As Rockstar’s first DS game, Chinatown Wars has to make accomplished use of the platform’s technologies, and it’s little surprise to see that Rockstar Leeds has engineered a series of minigames that incorporate its touchscreen interface. Such a consideration didn’t get immediate buy-in from the likes of Houser, however. “For a while we were nervous because I think one of the other things that’s very important to GTA is the seamlessness – it’s a very flowing experience,” he recalls. “A core element of GTA is that there’s no line between shooting and driving, which were traditionally very segmented aspects within games.
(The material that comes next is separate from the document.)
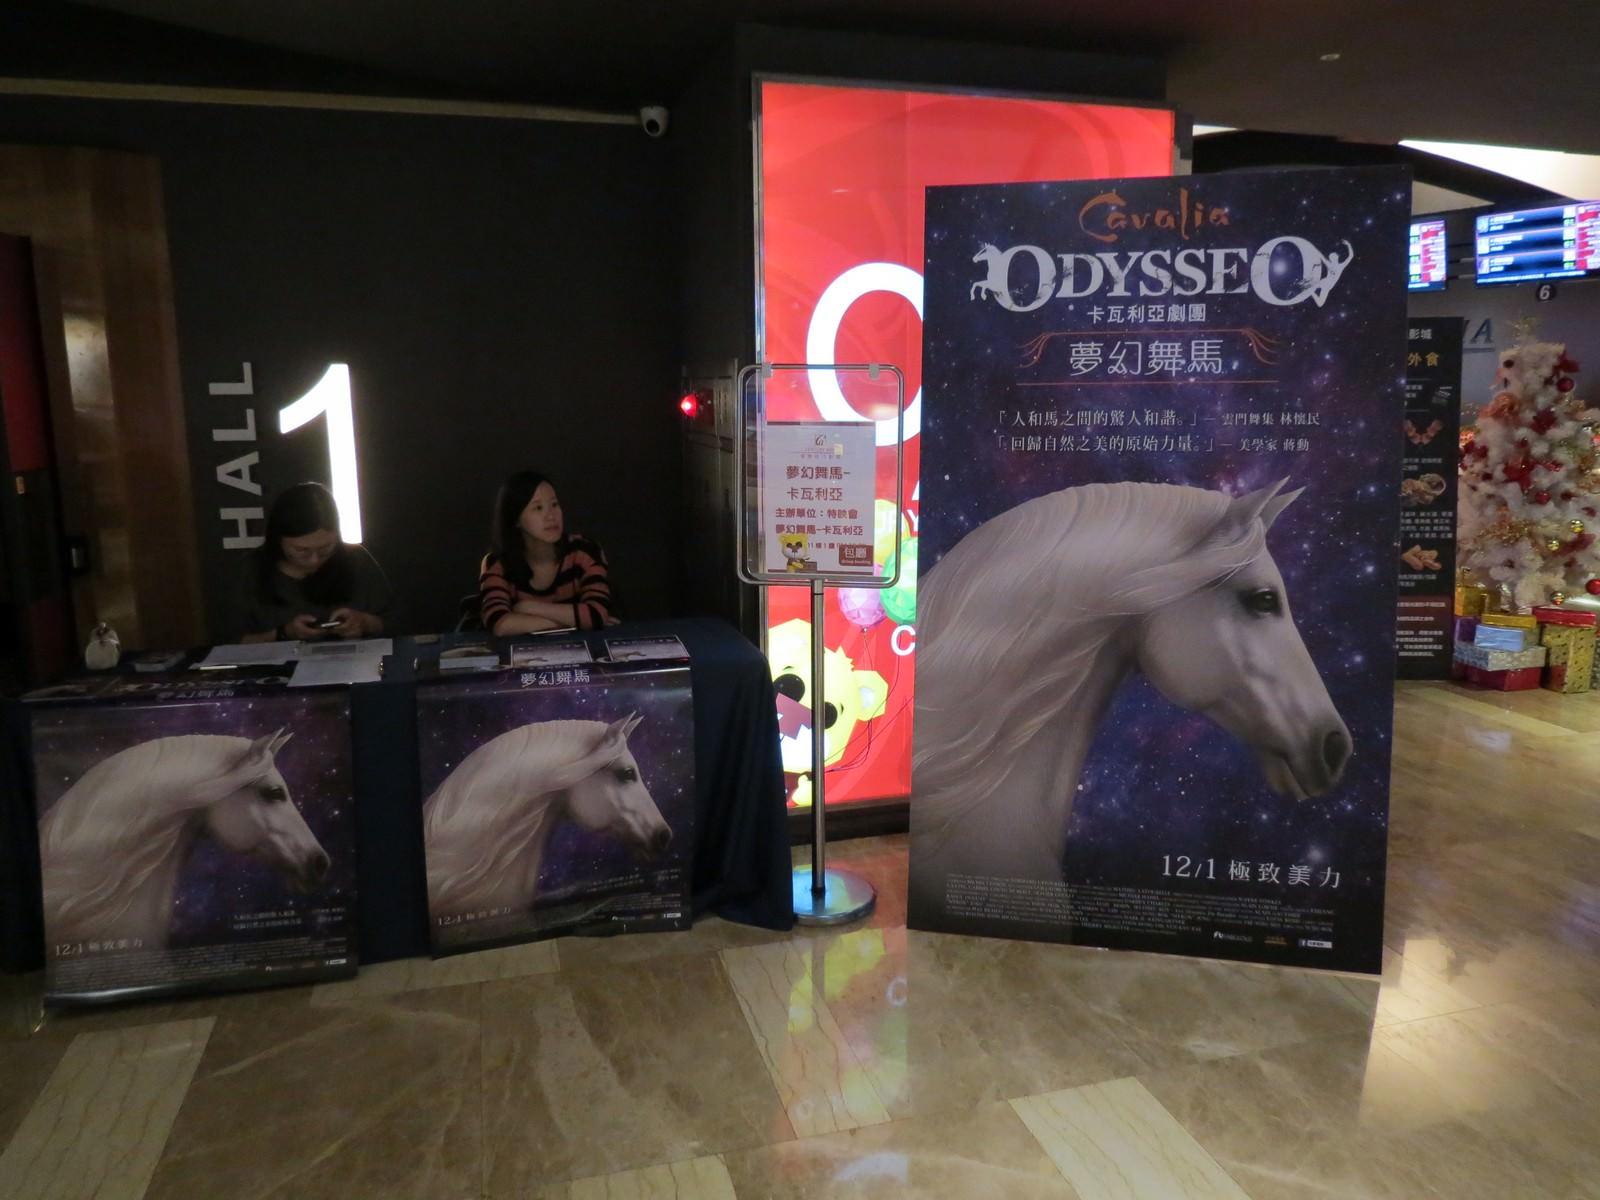 Movie, Odysseo by Cavalia(韓國, 2015年) / 夢幻舞馬-卡瓦利亞(台灣), 特映會場地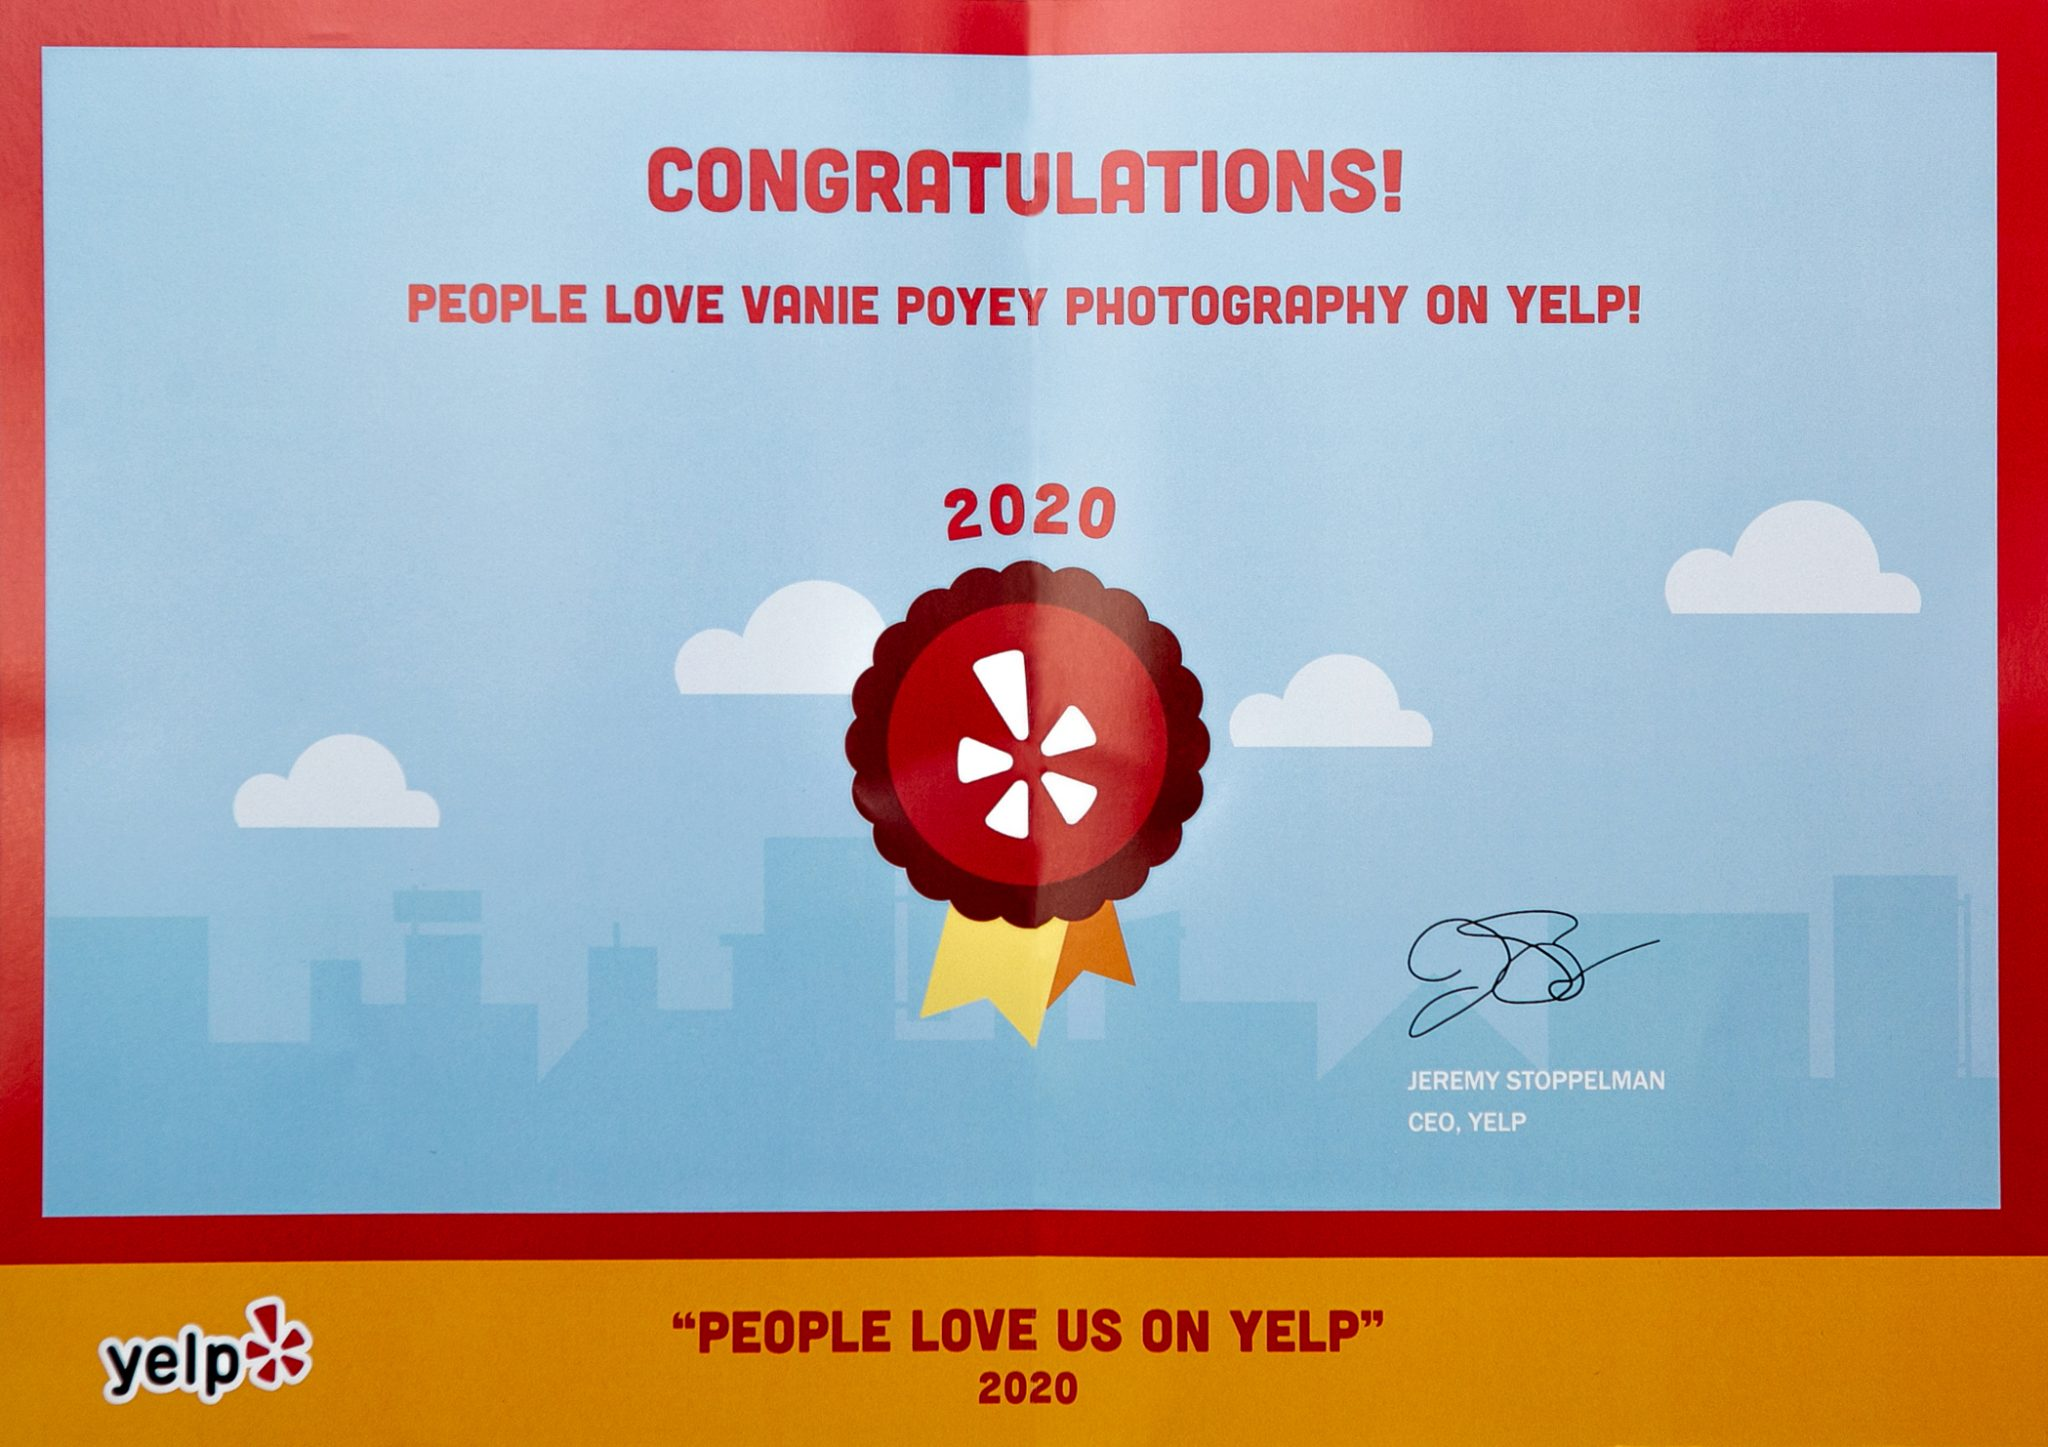 Vanie Poyey Yelp Reviews

So we were very nervous about the minigames until we played them, and then we realized that the guys at Leeds had nailed them – they worked really well with what the hardware can do.”

How about pulling up at a filling station and using the stylus to carefully aim a petrol-pump nozzle so that it dispenses fuel into bottles which, once they’ve had rags stuffed down their necks, are turned into Molotov cocktails? Or fiddling with a car’s ignition system in order to hotwire it? Punching out the rear window of a car that is rapidly sinking in a harbour having been launched from a jetty by the bad guys? All of these things feed in to the minigame experiences and, importantly, they seem to stack up logically rather than being divorced from what the core of GTA is supposed to be all about.